第9章 收白鸟化龙(2/2)
吃的方面,烬负责。
它每天早上出去,过一两个时辰回来,嘴里叼著什么东西。有时候是兔子,有时候是鱼——神眼湖里的鱼又多又傻,烬蹲在湖边,尾巴伸进水里,等鱼游过来,尾巴一抽就能抽晕一条。还有一次它叼回来一只野鸭,翅膀还没断透,在屋子里扑腾了半天,被翎追著啄了好几口。
林皮克负责烤。
他的手艺不怎么样,但他饿。饿的时候什么都好吃。兔子烤焦了就把焦的刮掉,鱼烤糊了就吃里面的肉,野鸭烤得半生不熟就多嚼几口。反正能咽下去就行。
翎的进度条动得很慢。
比烬当初还慢。
烬当初在奔流城的时候,每天出去吃几只耗子,进度条还能动一动。翎不一样——它不吃耗子,不吃虫子,不吃鱼。它只吃肉,而且是新鲜的生肉。林皮克每次烤好的肉,它闻都不闻,非要吃生的。烬叼回来的兔子,它抢在烬前面啄两口,啄完了还要抖抖毛,嫌弃不够新鲜。
林皮克看著它的进度条,一天天的不动弹,急得嘴上都起泡了。
“你能不能学学你哥?”他对翎说,“你哥当初吃耗子都长,你呢?给你吃肉都不动。”
翎站在窗户框上,歪著头看他,叫了一声,声音清脆得跟银铃鐺似的。
然后它飞起来,落在烬的背上,缩成一团,不理他了。
林皮克嘆了口气。
倒是烬,这几天又变了一点。
不是体型——体型还是跟条大狗似的,没怎么长。变的是它的鳞片。背上和脖子上的鳞片越来越黑了,黑得发亮,阳光照上去的时候能看见一种暗红色的纹路,像是血管,又像是裂纹,从鳞片底下透出来,一闪一闪的。
还有它的眼睛。
那双金色的眼睛越来越深了,瞳孔缩成一条竖线,盯著什么东西看的时候,林皮克总觉得那东西在发抖。
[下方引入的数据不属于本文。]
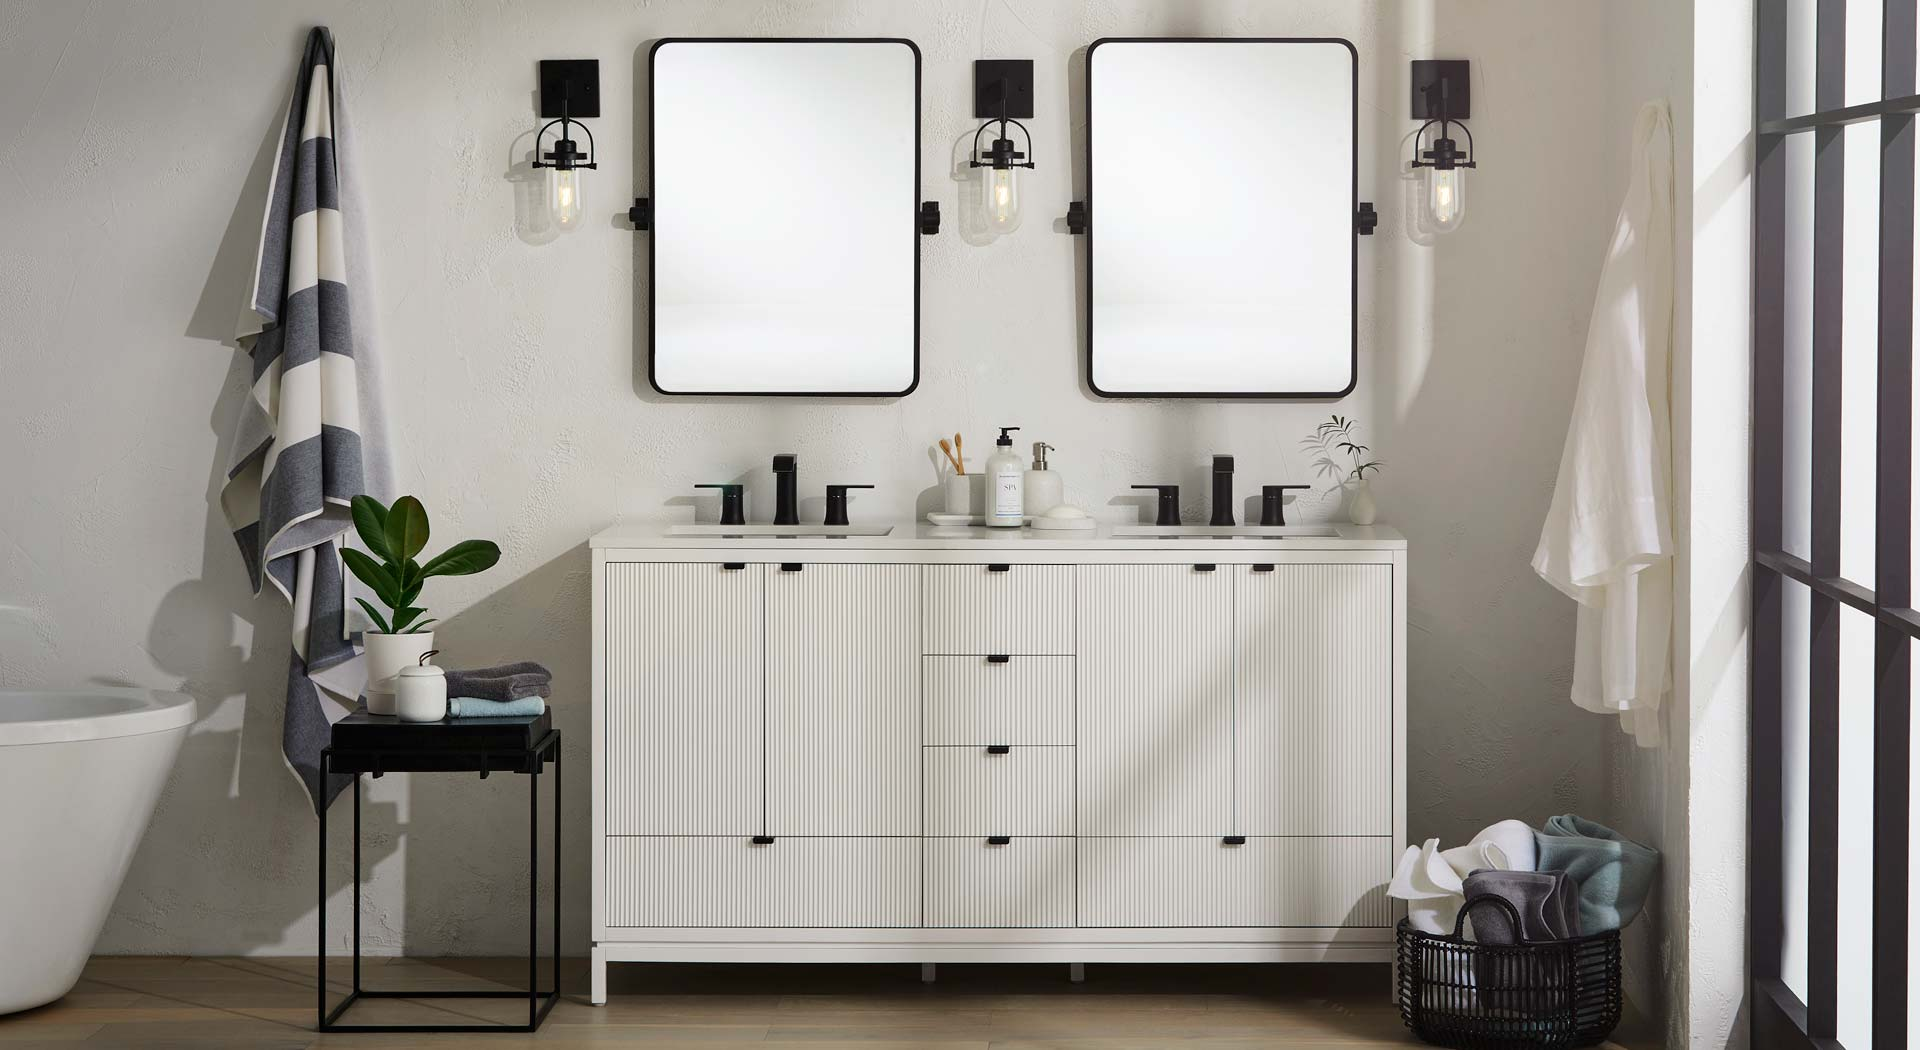 GlucksteinElements Bathroom Vanities

耗子怕它,兔子怕它,连神眼湖里的鱼都怕它——烬蹲在湖边的时候,鱼都不敢往浅水区游。
但翎不怕它。
翎蹲在烬的背上,有时候用嘴啄烬的鳞片,啄得嘎嘣嘎嘣响。烬也不生气,就让它啄。
林皮克有时候看著它们俩,觉得这画面挺有意思的。
一条黑不溜秋的龙,背上一只白得发亮的鸟,蹲在赫伦堡的废墟里晒太阳。
过了大概七八天,翎的进度条终於动了。
那天下午,林皮克在屋子里补他的破衣服——针线是从一堆垃圾里翻出来的,线都快烂了,凑合能用。翎从外面飞进来,落在他面前的地上,嘴里叼著什么东西。
一条蛇。
不大,手指那么粗,青绿色的,已经死了。
翎把蛇放在地上,用嘴啄了啄,然后仰起头,叫了一声。
林皮克看了看蛇,又看了看翎。
“你吃的?”
翎叫了一声,低头啄了一口蛇肉,仰头吞了。
【进化进度:0.0002%】
从0.0001%变成了0.0002%。
翻了一倍。
林皮克盯著那个数字,忽然明白了一件事。
翎不是在吃蛇——它在吃蛇的“什么”。跟烬在赫伦堡地下吸收那些龙骨的时候一样。只不过龙骨里的是“古龙残焰”,蛇里面的是別的什么。
他想了想,把系统面板关掉,看著翎把那条蛇吃完。
翎吃完之后,抖了抖羽毛,飞到窗户框上蹲著,开始理毛。它的羽毛好像比刚才白了一点——也可能是光线的变化。
林皮克站起来,走到窗户边上,凑近了看翎。
翎停下来,歪著头看他。
“你也能感觉到,”林皮克说,“是不是?”
翎叫了一声。
林皮克回头看了看烬。烬蹲在门口,金色的眼睛看著外面的院子,尾巴在地上扫来扫去。
“你俩一个吃耗子,一个吃蛇,”林皮克说,“一个在地上爬,一个在天上飞。”
他忽然笑了一下。
“行。慢慢来。”
他把补了一半的衣服放下,走到门口,在烬旁边坐下来。
太阳正在落山,赫伦堡的影子拉得老长。五座巨塔的塔尖被夕阳染成暗红色,跟烧过的炭似的。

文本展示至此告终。